Tudo acertado. Três passagens compradas para o dia 31 de outubro — Dia das Bruxas. Ainda bem que foi para esse dia, pois se fosse para o dia seguinte, talvez a viagem já tivesse iniciado mais estressada. Explica-se: depois do acidente que vitimou cento e muitas pessoas, os controladores de tráfego aéreo passaram a trabalhar com um número inferior de vôos, para garantir a segurança dos usuários e a sanidade mental deles.
Horário marcado, chegada ao aeroporto para o check-in. Qual não foi a surpresa ao perceber que a filha mais nova havia levado, por equívoco, a identidade da irmã do meio.
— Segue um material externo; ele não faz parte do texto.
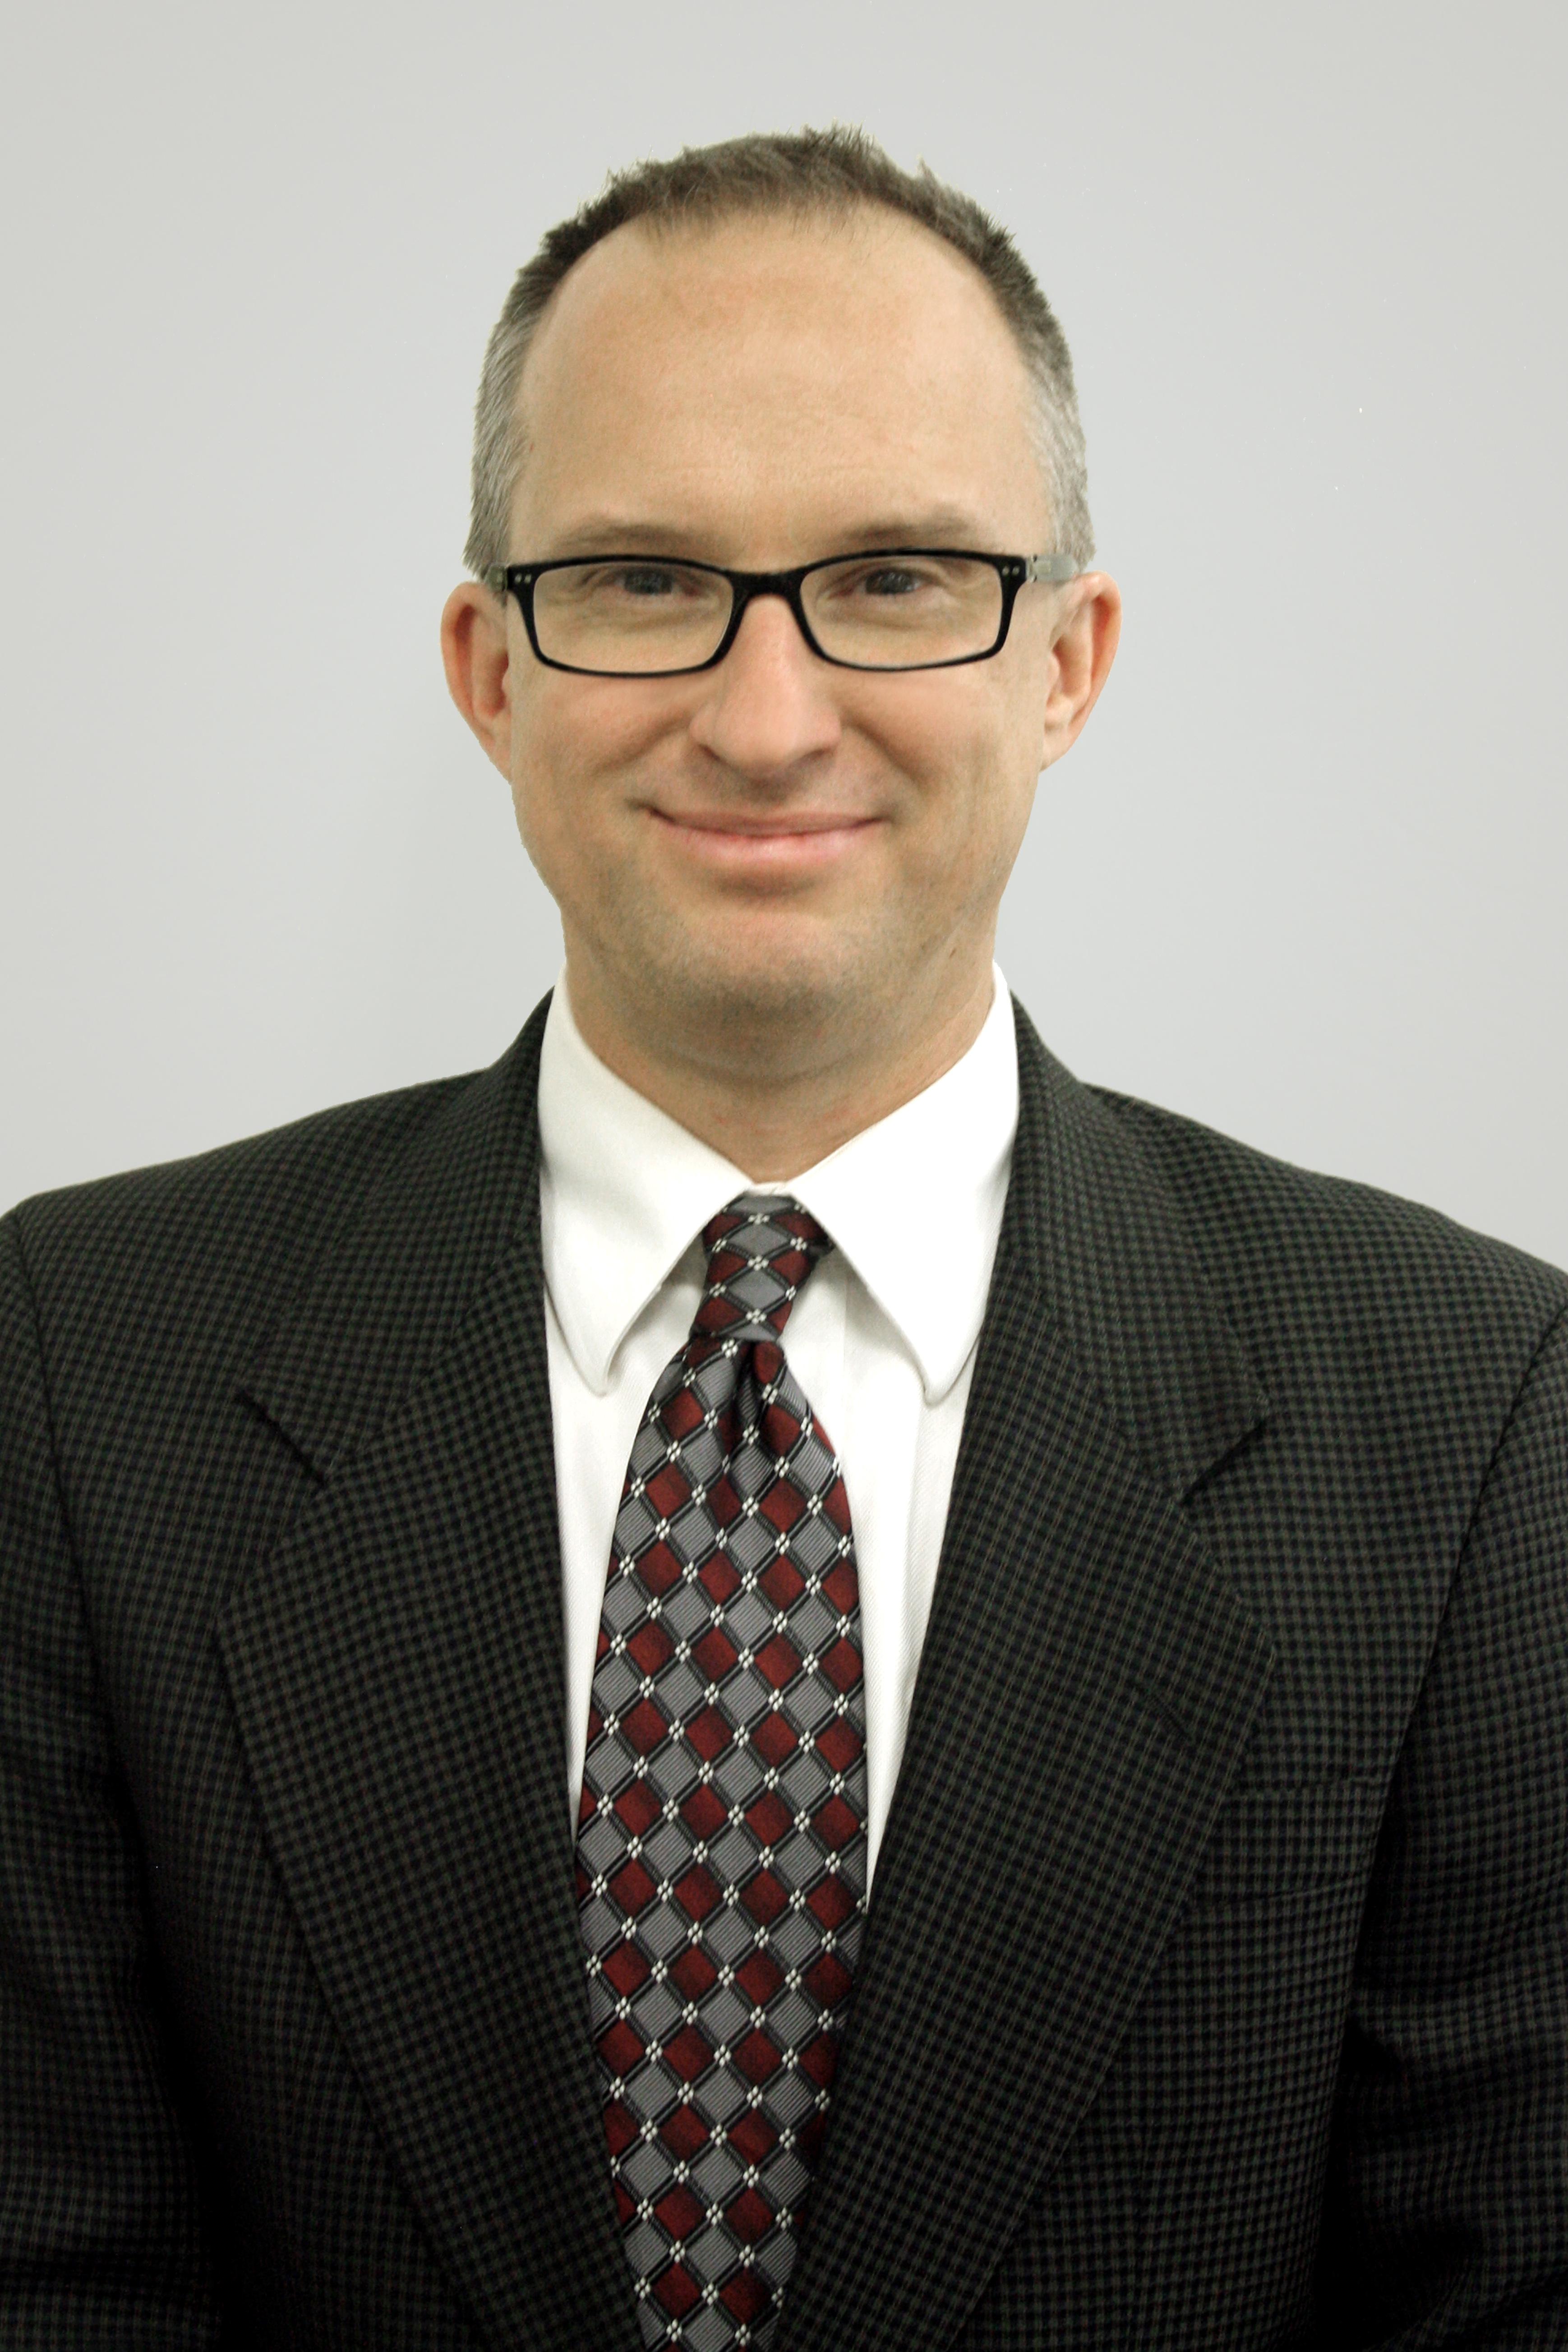 Greg Maksinchuk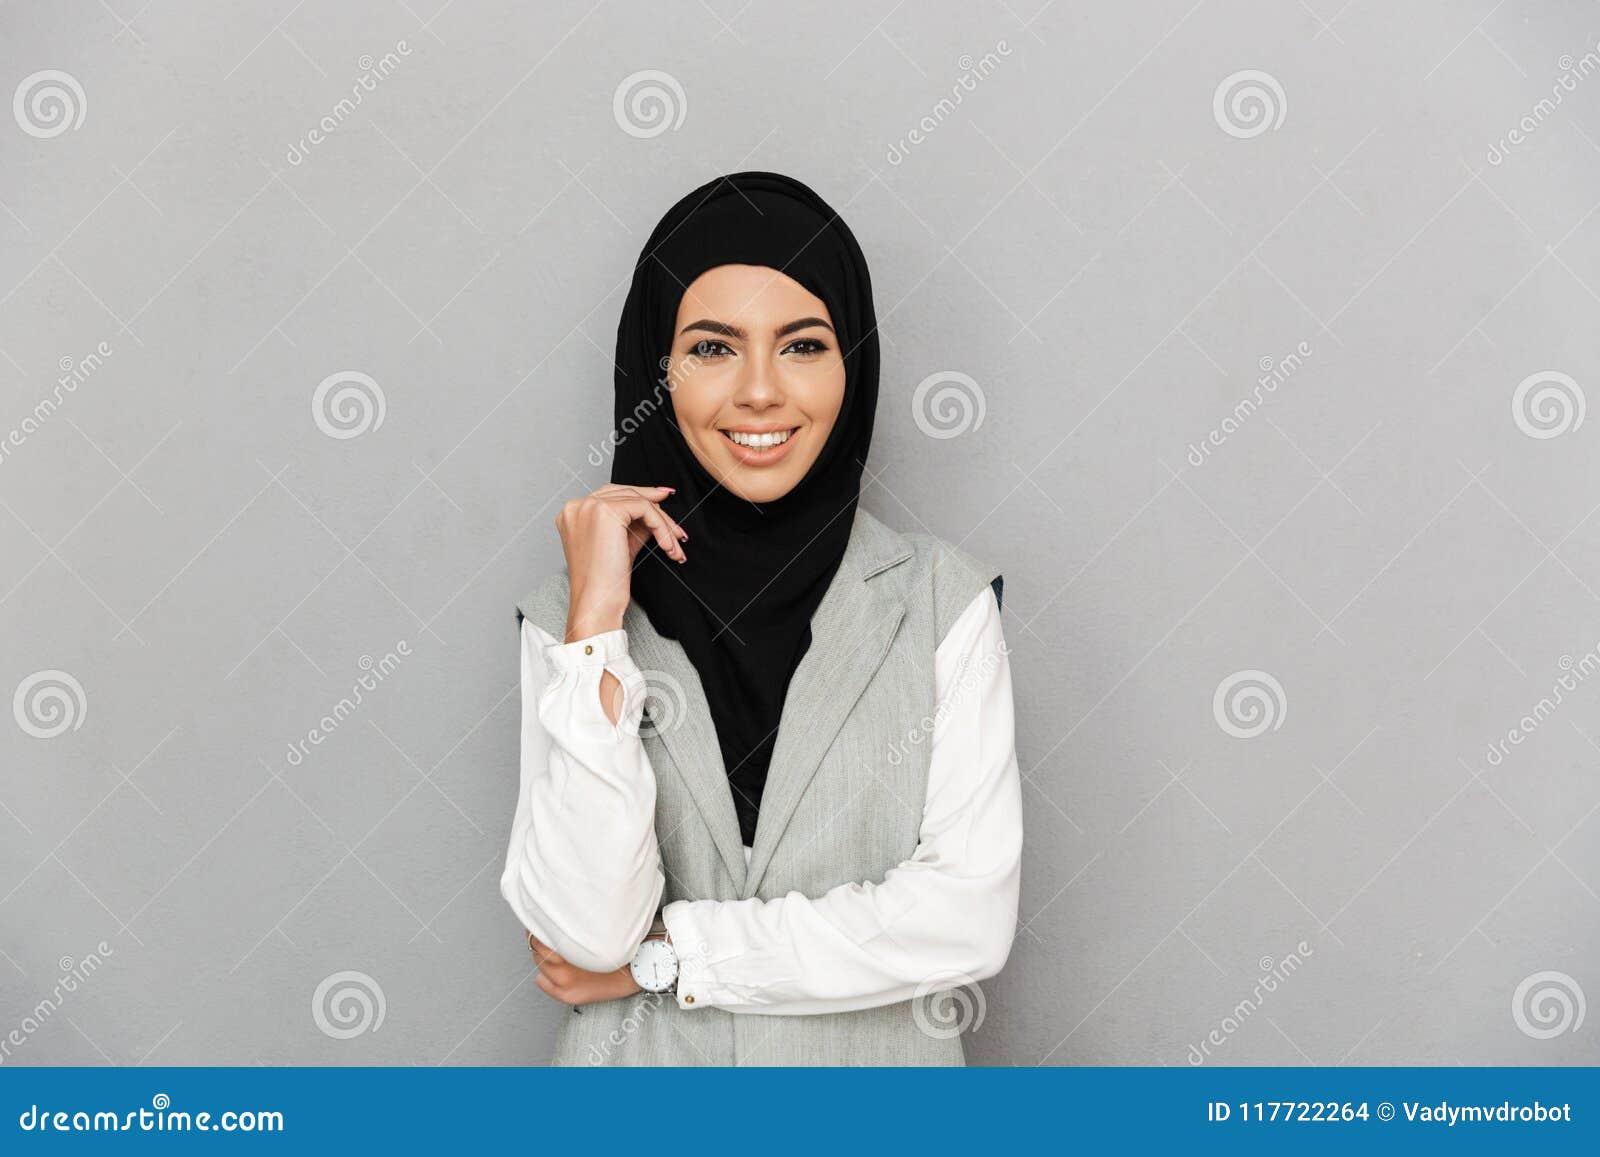 Retrato da mulher elegante muçulmana 20s no sorriso e no lookin do hijab

Como é que embarca desse jeito? Ainda bem que o muito-gente-boa motorista do sogro estava pelas redondezas, correu em casa e trouxe a carteira de identidade correta. Ufa! Por um triz.
Tudo resolvido, aguarda-se por meia hora o embarque, iniciava-se a operação que transformaria os aeroportos do país num caos. Atenção senhores passageiros, preparar para o embarque. Vamos.
Duas horas depois, vejo, do céu, o chão da minha terra. Aquele mar de um verde intenso, lá, chamando, vemmmm, vemmmm, vemmmm. As jangadinhas ao longe, cortando o infinito. Parecia até que de um momento para o outro podia aparecer o guerreiro branco, singrando aqueles bravios verdes mares.
Aeronave no solo. Pega bagagem, saimos. Lá está ela, ansiosa, aguardante, num pé e n’outro: a mãe, feliz da vida porque a casa iria outra vez ficar cheia. Nós e todo o restante da família que, com certeza iria nos visitar. Como nos velhos tempos, casa repleta, conversas, música, risos, gargalhadas, uma emoção aqui e ali. O almoço caprichado. Maria pajeando sempre. ‘Ta bom isso, dona , quer mais um pouquinho daquilo, seu. Ô minha flor de bugari, você não quer mais uma coisinha disso?’ Casa de mãe é assim. Eterna festa para os filhos. Muito papo, café mais tarde, bolo, queijo coalho, bolachinha romana e carinho, esse por demais.
O irmão mais velho, desta feita ,ficou devendo a peixada. Enfermou-se, uma gripe misturada com alergia que só tossia e fungava. Mas deu para colocar a conversa em dia. Antes do aparecimento da influenza, tertuliamos uma noite inteira regada a uns oito ou doze anos (naquela hora a idade não fazia muita diferença). Projetos sendo construídos e compartilhados. Outros, já realizados servindo de painel.
O irmão do meio, mania de provedor, levando sapotis e mangas nascidos na casa antiga e até hoje cuidada por ele. Leva e planta lá na Bahia. As frutas vieram, claro, os caroços já estão no aguardo do plantio.
A tia solteira, a mais faceira das irmãs, fazendo sala todos os dias, feliz da vida. Os sobrinhos indo e vindo o tempo inteiro. Como se uma lente de voltar no tempo tivesse sido acionada e surgisse uma réplica de anos atrás. A tia a ver duas gerações de sobrinhos.
Noite inteira proseando com os amigos antigos, ouvindo música e confissões ao sabor de um vinho macio e rubro.
Mas a grande descoberta foi uma carta antiga, garimpada, ou melhor, surripiada pelo irmão mais velho, dos pertences do pai voluntário de guerra. Data a carta de dezembro de 1944 e narra a angústia da partida para a guerra, a entrega dos soldados à embriaguez, as tristezas. Relato pungente, de um jovem de vinte anos apenas, rogando à família que, por sua vez, clame aos céus para que ele volte à terra natal.
É sempre assim, cada vez que vamos, fica a vontade de voltar. Esse é o bom da vida. Poder ir e vir, saber que as baterias poderão ser recarregadas, dar de nós e trazer pra gente. A gente, a nossa gente. Assim que der, volto lá. Mais vale uma tarde jogando conversa dentro, sentados num sofá, num banco, num muro, numa varanda, do que mil sessões de terapia.
Hora de voltar, que a casa de cá espera.